Lab 9
Prelab
The goal of this lab is to map out a room or series of objects using the robot's Time of Flight sensor. I decided to do this using PD control on orientation, merging all of the sensor readings using transformation matrices, and plot the results. I will later use these to draw the map using straight line segments.
Task 1
I decided to control my robot by repeatedly using PD control. On the Python side, I had the code loop through 14 steps of 25 degrees each, sending a new target angle after each step completed.
I start off by calling the SPIN case which initializes everything and takes in four values: proportional gain, derivative gain, motor calibration, and the target yaw angle:
case SPIN:{
float p_gain, d_gain, calibration, TARGET;
success = robot_cmd.get_next_value(p_gain); if (!success)return;
success = robot_cmd.get_next_value(d_gain); if (!success)return;
success = robot_cmd.get_next_value(calibration);if (!success)return;
success = robot_cmd.get_next_value(TARGET);if (!success)return;
do {
myICM.readDMPdataFromFIFO(&data);
} while (myICM.status == ICM_20948_Stat_FIFOMoreDataAvail);
if ((myICM.status == ICM_20948_Stat_Ok) && (data.header & DMP_header_bitmap_Quat6)) {
double q1 = ((double)data.Quat6.Data.Q1) / 1073741824.0;
double q2 = ((double)data.Quat6.Data.Q2) / 1073741824.0;
double q3 = ((double)data.Quat6.Data.Q3) / 1073741824.0;
double q0 = sqrt(1.0 - min(1.0, q1*q1 + q2*q2 + q3*q3));
yaw_g = atan2(2.0*(q0*q3 + q1*q2), 1.0 - 2.0*(q2*q2 + q3*q3)) * 180.0 / M_PI;
}
prop_gain = p_gain;
der_gain = d_gain;
cal = calibration;
target = TARGET;
count = 0;
prev_meas = yaw_g;
prev_error = 0;
last_pi_ms = millis();
last_capture_index = -999;
stopped = false;
pi_spin = true;
break;
}
The above case sets 'pi_spin = true', which triggers the PD_SPIN() function in the main loop which computed the error and calculated the necessary pwm:
float errorr = target - yaw_g;
while (errorr > 180.0f) errorr -= 360.0f;
while (errorr < -180.0f) errorr += 360.0f;
if (errorr > 0) errorr = errorr - 360.0f; //<- forcing it to go CCW
float derivative = (errorr - prev_error)/dt;
prev_error = errorr;
pwm = (prop_gain * errorr) - (der_gain * derivative);
float pwm_range = constrain(abs(pwm), 60, 90);
I decided to force the robot to go CCW in some instances, such that it would take the long way and complete the entire circle.
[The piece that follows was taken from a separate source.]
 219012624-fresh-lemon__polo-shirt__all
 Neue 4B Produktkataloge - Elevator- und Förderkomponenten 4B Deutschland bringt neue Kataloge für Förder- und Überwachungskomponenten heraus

Once the error drops within 1 degree of the target, the car stops and ouputs: "Within target range."
The robot paused between steps, which guarantees that the ToF sensor is pointing at a fixed point in space before logging data. My car was not perfect at completing on-axis turns due to motor asymmetry, which I corrected with a calibration factor applied to the left motor.
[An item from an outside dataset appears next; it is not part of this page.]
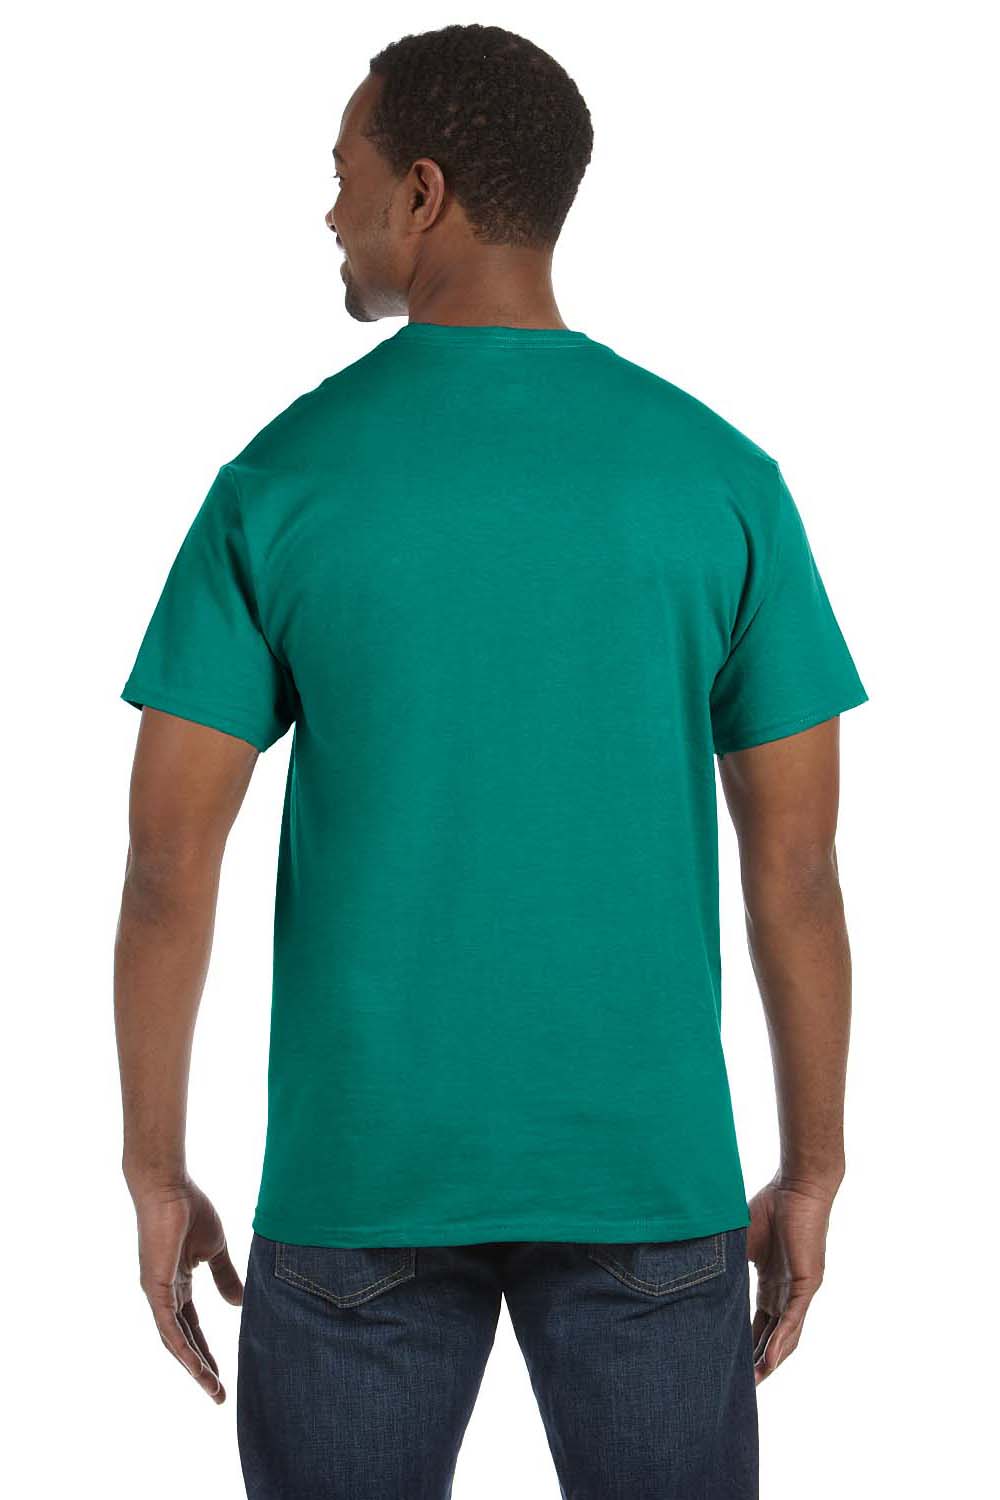 Jerzees 29M Mens Dri-Power Moisture Wicking Short Sleeve Crewneck T-Shirt Jade Green Back

Here is a snippet from one of the runs:
Unfortunately I was unable to get my car to perfectly turn on-axis and there was an error of about 3 inches around the perimeter of an empty 4x4 meter room.
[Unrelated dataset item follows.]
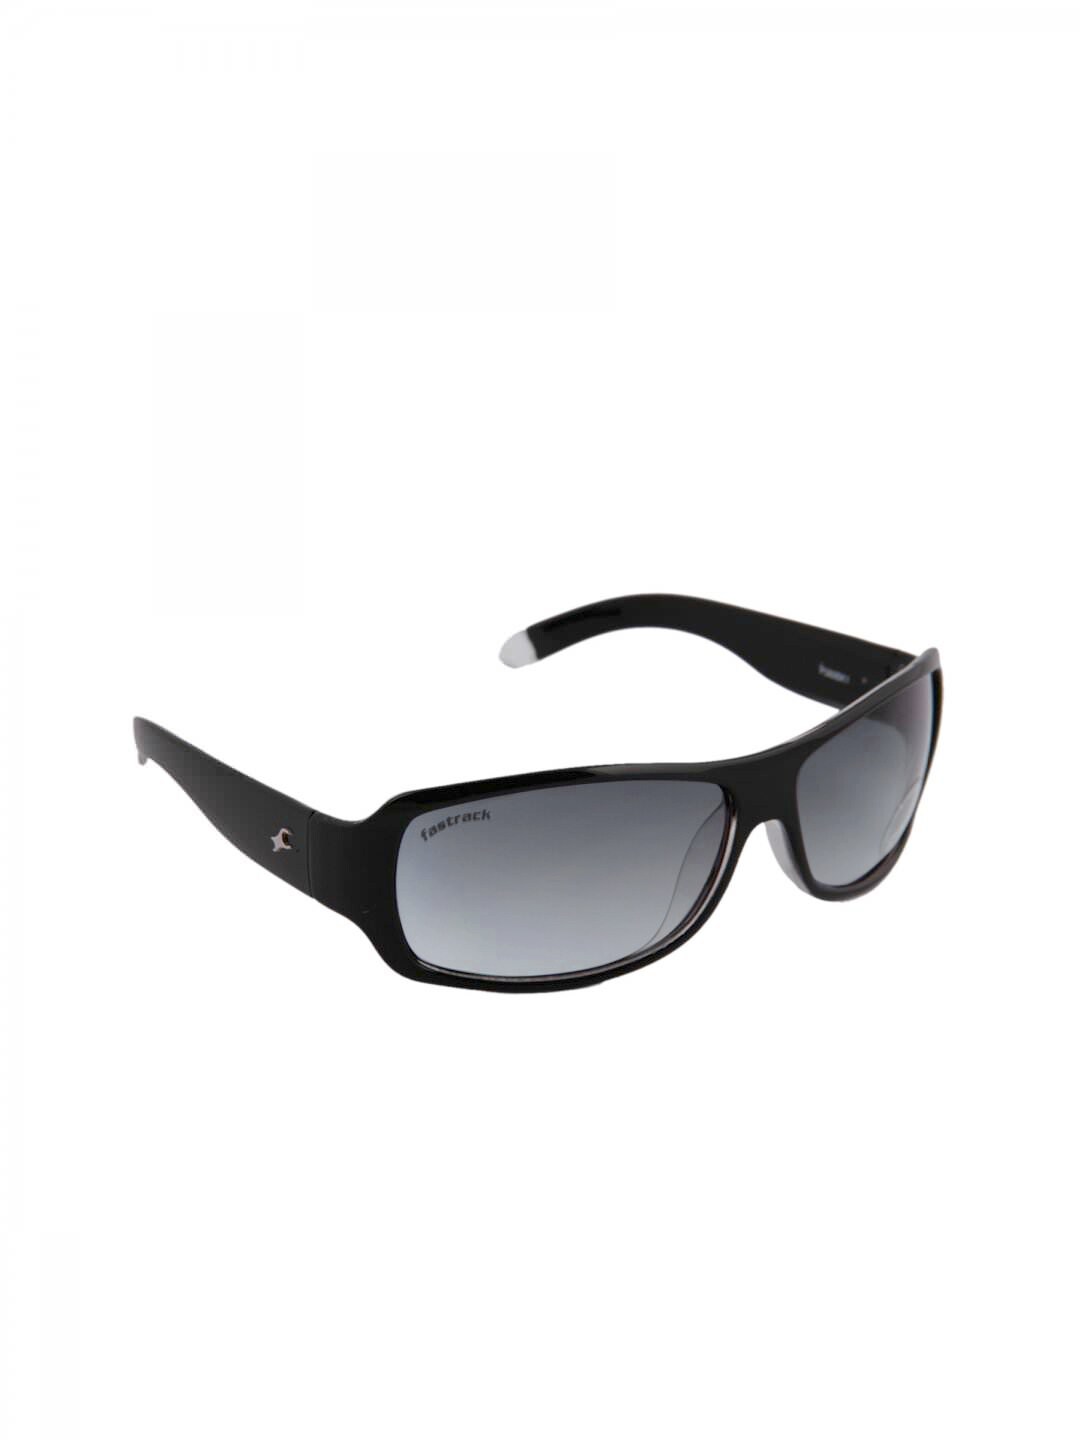 Fastrack Unisex Sunglasses

The plot below shows the yaw and ToF readings over time, and the motor PWM showing each of the 14 steps:

Task 2 — Read Out Distances
After each full 360° scan, the data was sent back over BLE using the SEND_DATA command and collected into a messages list. Each message contained the timestamp, ToF reading, yaw angle, and motor PWM. The polar plot below shows the scan:

I did not have enough time to use the lab's map, so instead I mapped out the shown objects in a living space. The polar plot shows a reasonable scan of the environment.
Task 3 — Merge and Plot Readings
To convert the sensor readings from the robot's frame to the inertial world frame, I used transformation matrices. The robot is placed at a known position (x_0, y_0) in the room, and at each measurement the sensor is pointing at angle θ (the yaw reading). The ToF sensor is mounted at the front of the robot, offset from the center of rotation by a distance d along the robot's x-axis.



Task 4 - Taking Measurements from Mutiple Locations
The full transformation from sensor frame to world frame is:
$$ T_{world} = T_{robot in world} T_{sensor on robot} $$
Where
$$ T_{robot in world}= \left[\begin{matrix} cos(\theta) & -sin(\theta) & x_{0}\\ sin(\theta) & cos(\theta) & y_{0}\\ 0 & 0 & 1 \end{matrix}\right] $$
$$ T_{sensor on robot}= \left[\begin{matrix} TOF\\ 0 \\ 0 \end{matrix}\right] $$
My ToF front sensor is located about 2.5" in front of the center of the car.